Quil Lawrence
Quil Lawrence is a New York-based correspondent for NPR News, covering veterans' issues nationwide. He won a Robert F. Kennedy Award for his coverage of American veterans and a Gracie Award for coverage of female combat veterans. In 2019 Iraq and Afghanistan Veterans of America honored Quil with its IAVA Salutes Award for Leadership in Journalism.
Lawrence started his career in radio by interviewing con men in Tangier, Morocco. He then moved to Bogota, Colombia, and covered Latin America for NPR, the BBC, and The LA Times.
In the Spring of 2000, a Pew Fellowship sponsored his first trips to Iraq — that reporting experience eventually built the foundation for his first book, Invisible Nation: How the Kurds' Quest for Statehood is Shaping Iraq and the Middle East (Bloomsbury, 2009).
Lawrence has reported from throughout the Arab world and from Sudan, Cuba, Pakistan, Israel, Gaza, and the West Bank.

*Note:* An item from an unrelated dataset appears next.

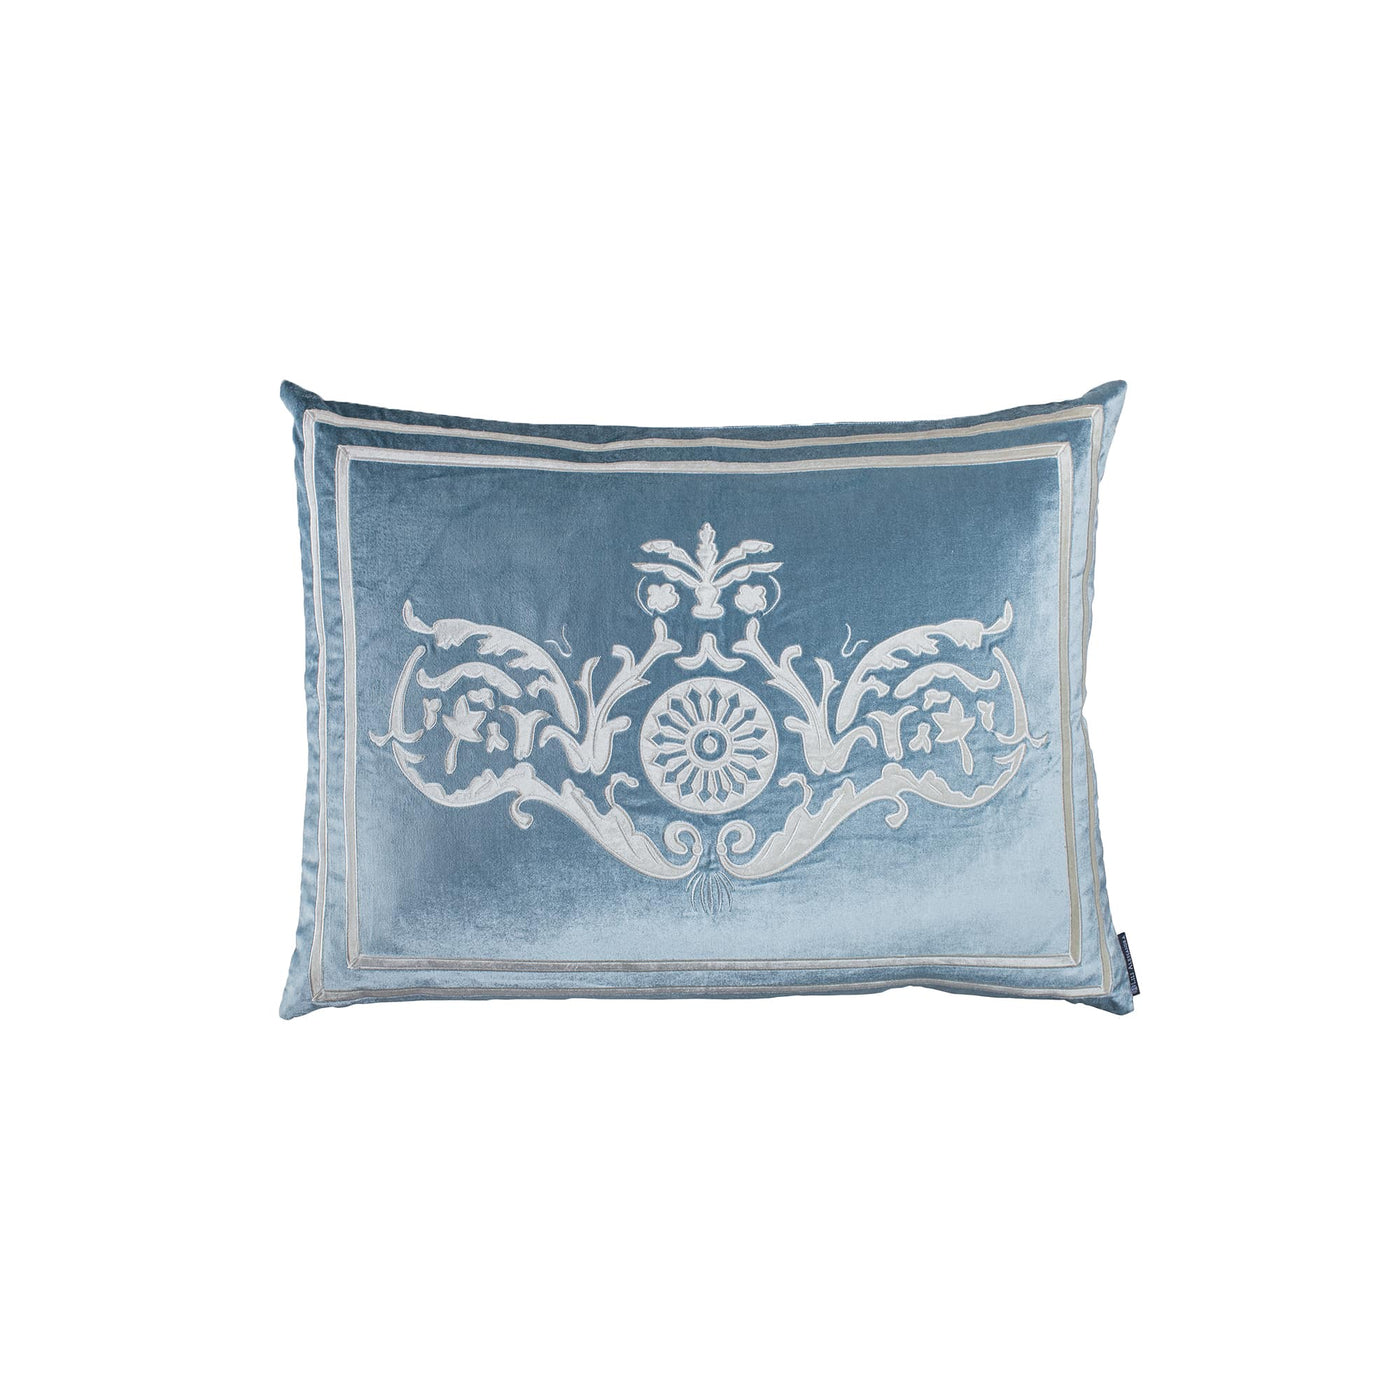 Paris Standard Sham Ice Blue / Ivory Velvet 20X26 (Pillow Insert Not Included)
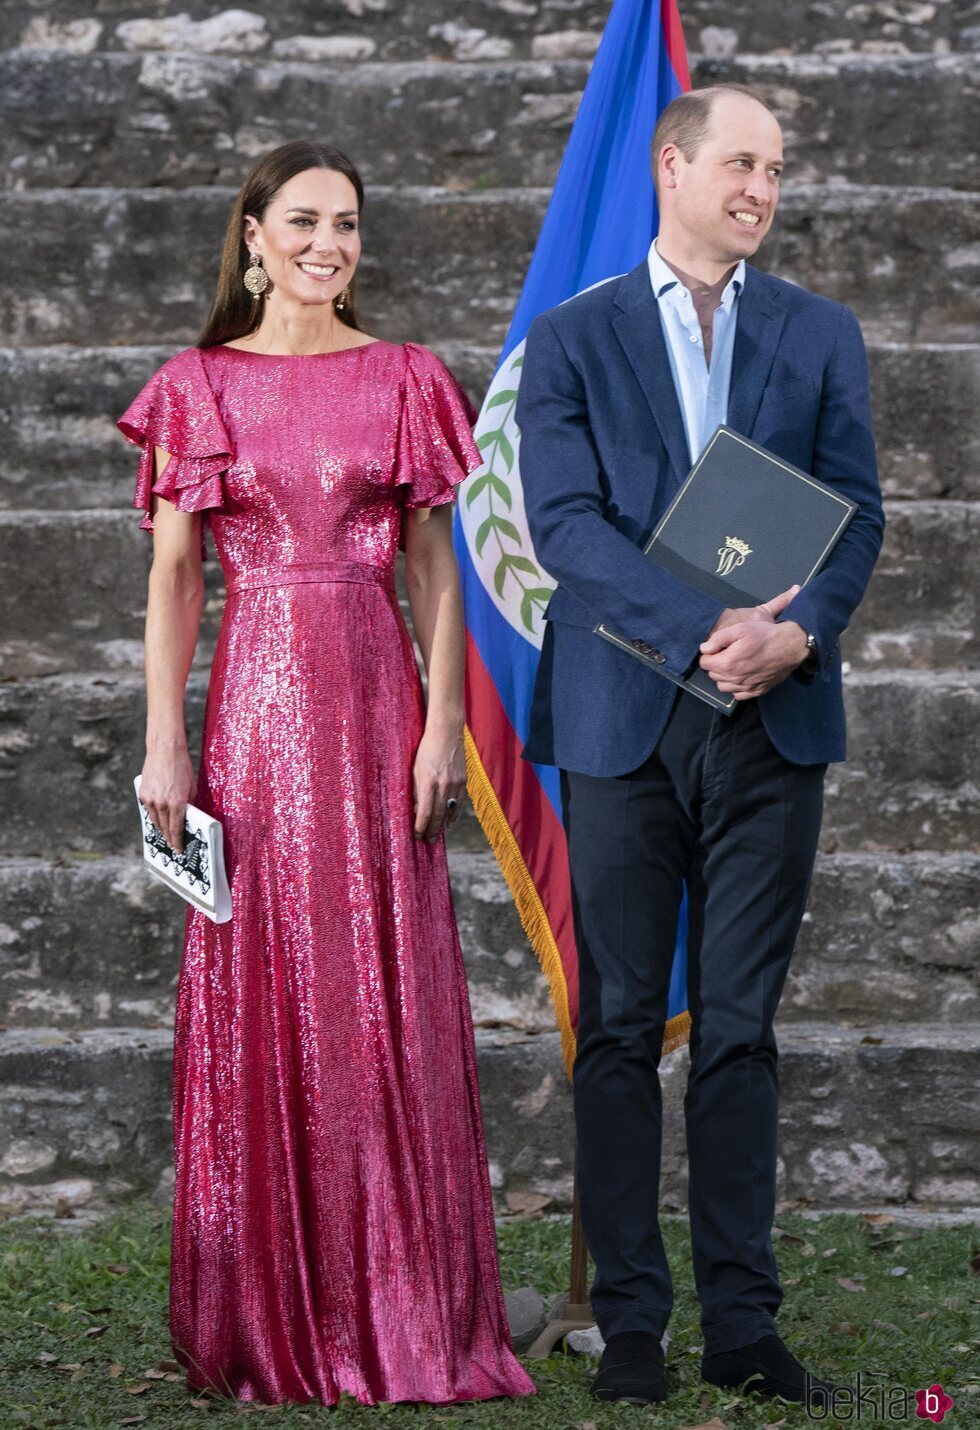 El Príncipe Guillermo y Kate Middleton en una recepción en su honor en Belice

He covered Iraq and Afghanistan for twelve years, serving as NPR's Bureau Chief in Baghdad and Kabul. He covered the fall of the Taliban in 2001, the invasion of Iraq in 2003, the second battle of Fallujah in 2004, as well as politics, culture, and war in both countries.
In 2012, Lawrence returned to the U.S. to cover the millions of men and women who have served at war, both recently and in past generations. NPR is possibly unique among major news organizations in dedicating a full-time correspondent to veterans and the Department of Veterans Affairs.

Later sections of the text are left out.